Musing on the concept of time relative to humans, nature, and landscape gave Tony the structure for a new body of work. He considered how a unit of time might be the opening of a flower bud in the sun, the evolution of a Cornish hedge through the seasons, or a river gradually eroding through layers of rock. He realised that four decades of his particular artistic practice had left him almost uniquely positioned to explore time using different frames of reference: Geological, Biological, Human and Fleeting.
In ‘Geological Time,’ Tony shows how the history of huge movements of landmasses can be read in the landscape today – from the Himalayas rising from sea level to Dorset’s fossil-rich Jurassic Coast, and Cornwall’s folded granite peninsula threaded with its precious mineral deposits. Meanwhile, ‘Biological Time’ follows trees, hedges, meadows and woodland through the cycle of the seasons, for example examining a year in the life of a Cornish hedge or painting trees that are thousands of years old.

‘Human Time’ we might think of as a life span, or ‘within living memory’. This section includes Foster’s Lockdown Diaries inspired by daily walks in Cornwall during the pandemic, as well as images of rewilded places exploring how nature and our industrial past interacts in the landscape.
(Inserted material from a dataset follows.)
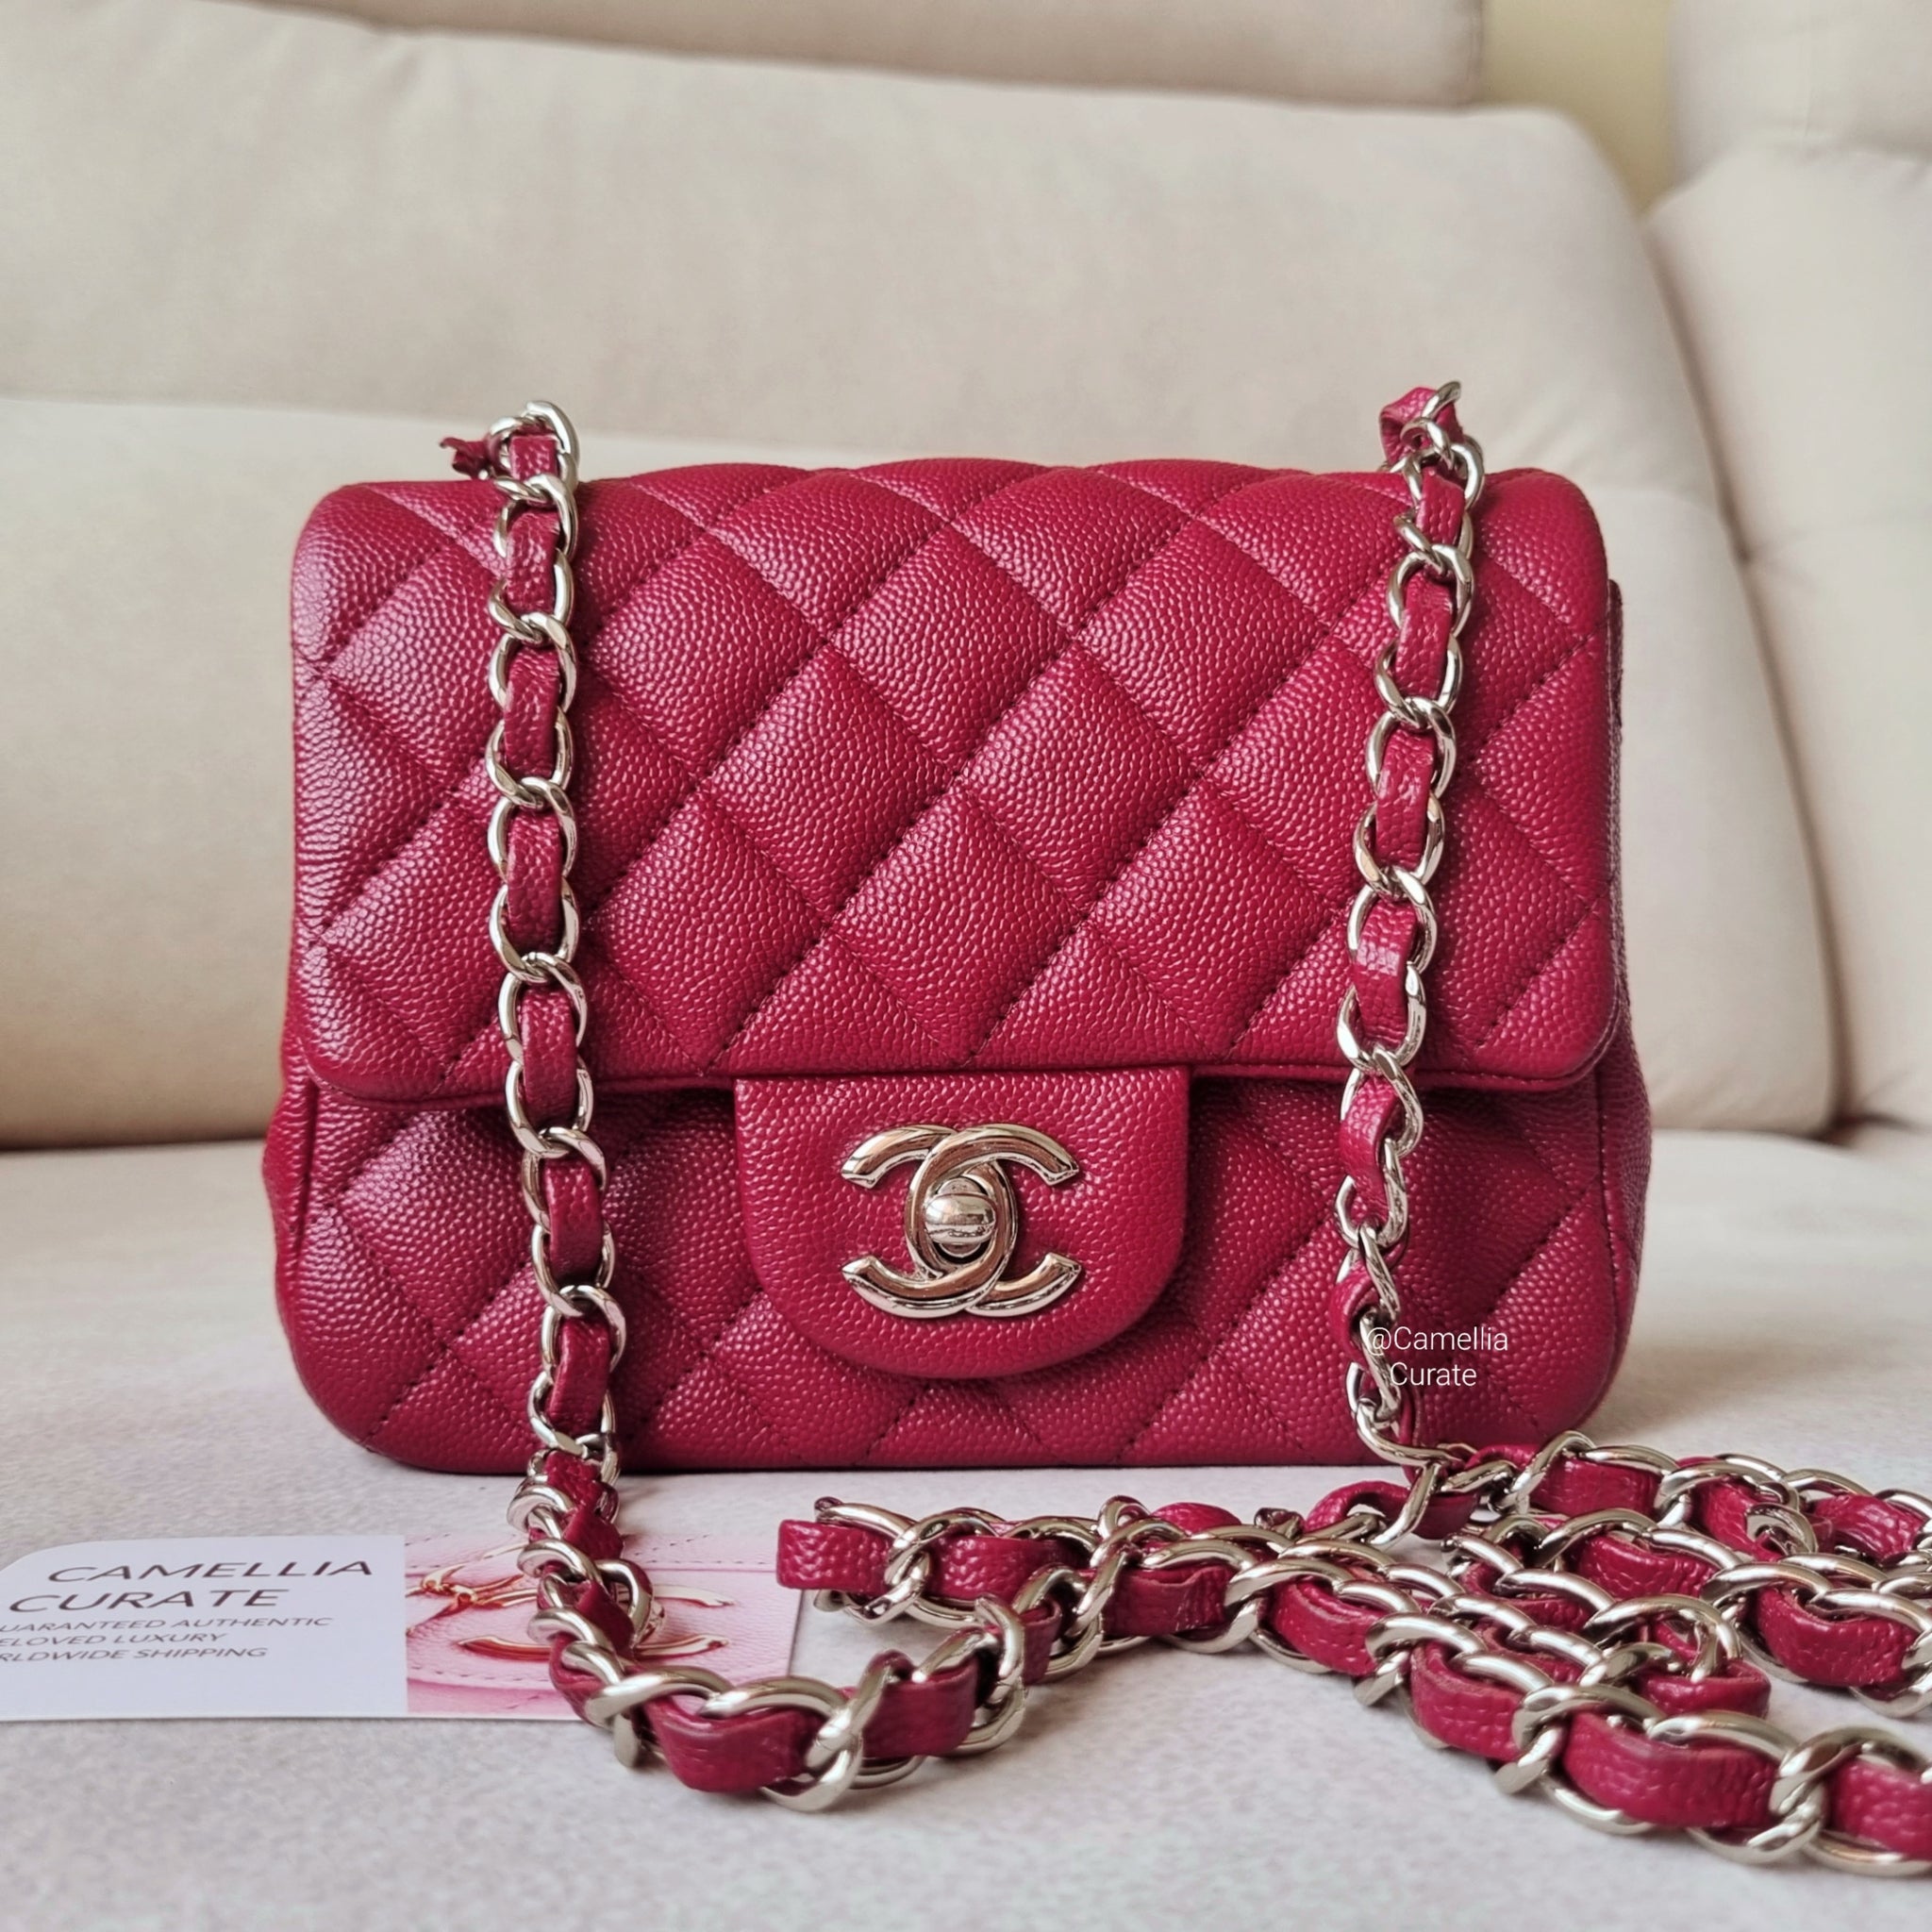 Chanel Raspberry Quilted Lambskin Mini Vanity Case with Chain, myGemma, SG

Finally, in the section ‘Fleeting Moments,’ Tony captures brief moments in time, from studies of skies, lightning and weather, to moving water and the appearance of a rainbow. Such moments often hold a disproportionate power – vividly remembered for a lifetime, viscerally connecting us to the natural world, and reminding us of our ephemerality in the context of geological time.
Tony has as much in common with natural history documentary makers as his fellow landscape painters. “If my work helps people appreciate and value these amazing places then I’m using the best method at my disposal to further the cause of environmental preservation,” he says. “I believe that civilisation would be better measured, not by the area under landscaped lawns and driveways, but by the area we are prepared to leave alone.”
LEFT: Painting in Ilulissat looking across the Kangia Icefjord, Ilulissat, Greenland, 2001 - Photo: Peter Murray, courtesy The Foster Museum RIGHT: Mt Everest North Face, From Ocean Floor to Roof of the World, 45-50 Million Years, 2007 - Photo: Paul Mounsey, courtesy The Foster Museum
Exploring Time is a collection of work which is both painstakingly observed and profoundly beautiful. Foster’s proficient brushstrokes effortlessly capture extraordinary detail, while also adding sweeping grandeur to his paintings. It’s a combination which perfectly befits the monumental landscapes he paints, and threatens to make rewilding advocates of us all.
Exploring Time: A Painter’s Perspective by Tony Foster shows at Cornwall Museum and Art Gallery from 5th July to 25th October.